Rare Variants Associated With Pediatric Cancer Treatment-Related Second Malignant Neoplasm Risk.

Abstract

Purpose: Survivors of childhood cancers are at risk of second malignant neoplasms (SMNs). Exposure to radiation therapy and different chemotherapy agents are known risk factors for SMN development. However, there remains interindividual variability that could be attributed to genetic variations. Our study aims to identify rare genetic variants associated with SMN risk and assess the influence of treatment on the associated risk of these variants.

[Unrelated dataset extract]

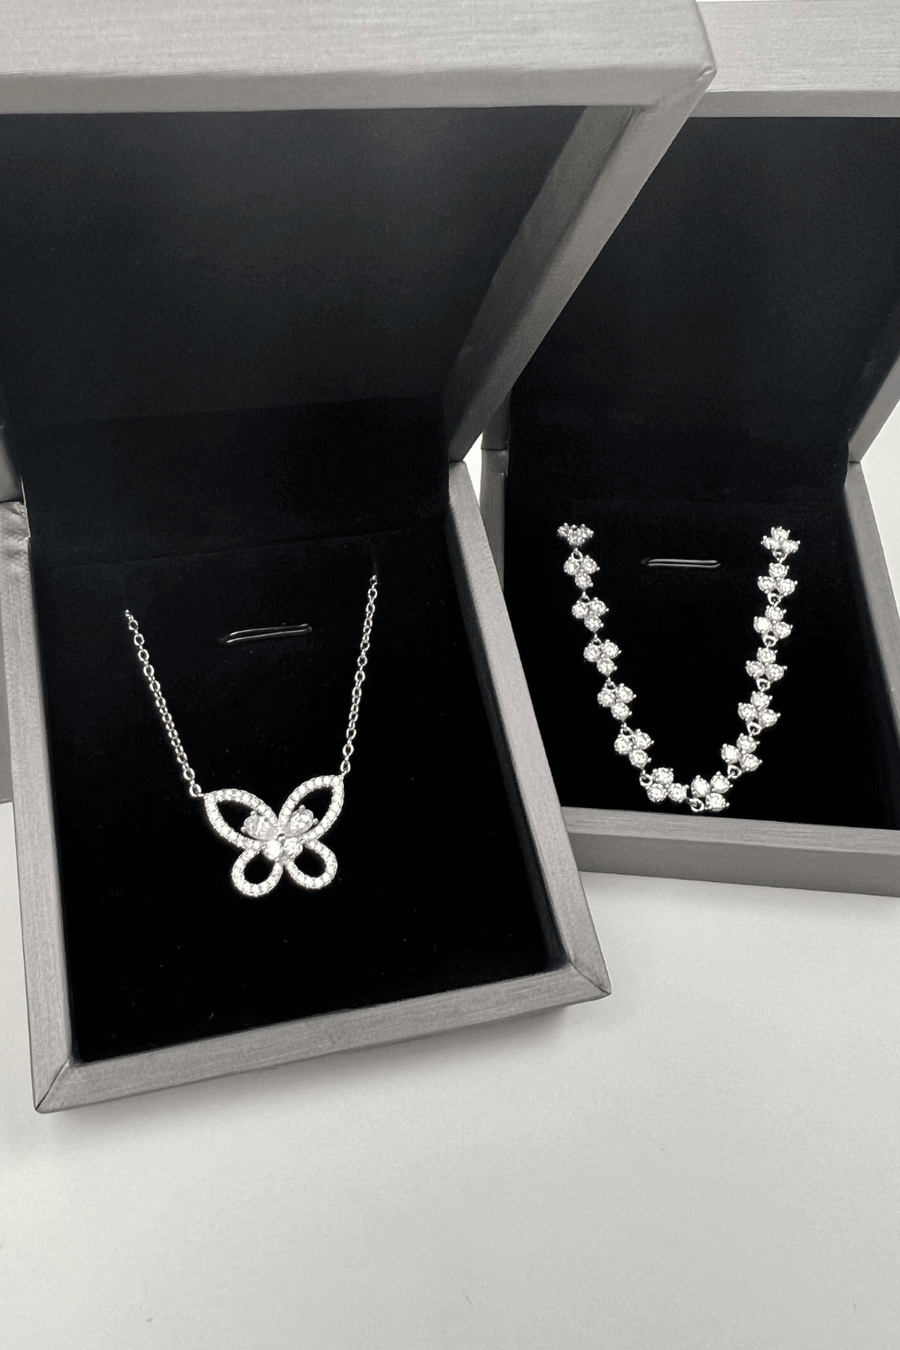 Best Diamond Jewelry Bundle Set Gift | Best Butterfly Diamond Necklace, Bracelet Jewelry Gift for Women, Mother, Wife, Daughter | MASON New York

Materials and methods: We conducted a whole-exome sequencing in a nested case-control study within the French Childhood Cancer Survivors Study for 450 survivors including 163 cases and 287 controls. Rare variants in genes within replication, recombination, and repair pathways were selected. Gene-based association tests were conducted and a logistic regression analysis was used to estimate the effect of selected genes on SMN risk, adjusting for relevant clinical variables. Specific analysis restricted to breast and thyroid SMNs were also performed. Stratified analyses on the basis of the radiation doses received by the bone marrow and specific organs were also conducted.

Results: We have identified several genetic associations: the RNASEL and APOBEC3F genes (odds ratio [OR], 5.43 [95% CI, 1.76 to 20.44]; P = .0055 and OR, 4.8 [95% CI, 1.28 to 22.95]; P = .027, respectively) are associated with the risk of SMN, while the FANCM gene (OR, 4.65 [95% CI, 1.06 to 21.56]; P = .041) is associated with the risk of developing breast SMN.

Conclusion: This study provides new evidence regarding the involvement of genetics in the development of SMN. Additional research is needed to confirm these results and uncover the underlying mechanisms behind these associations. If replicated, these findings will help identify survivors at higher risk of developing SMN, enabling tailored treatment and follow-up strategies.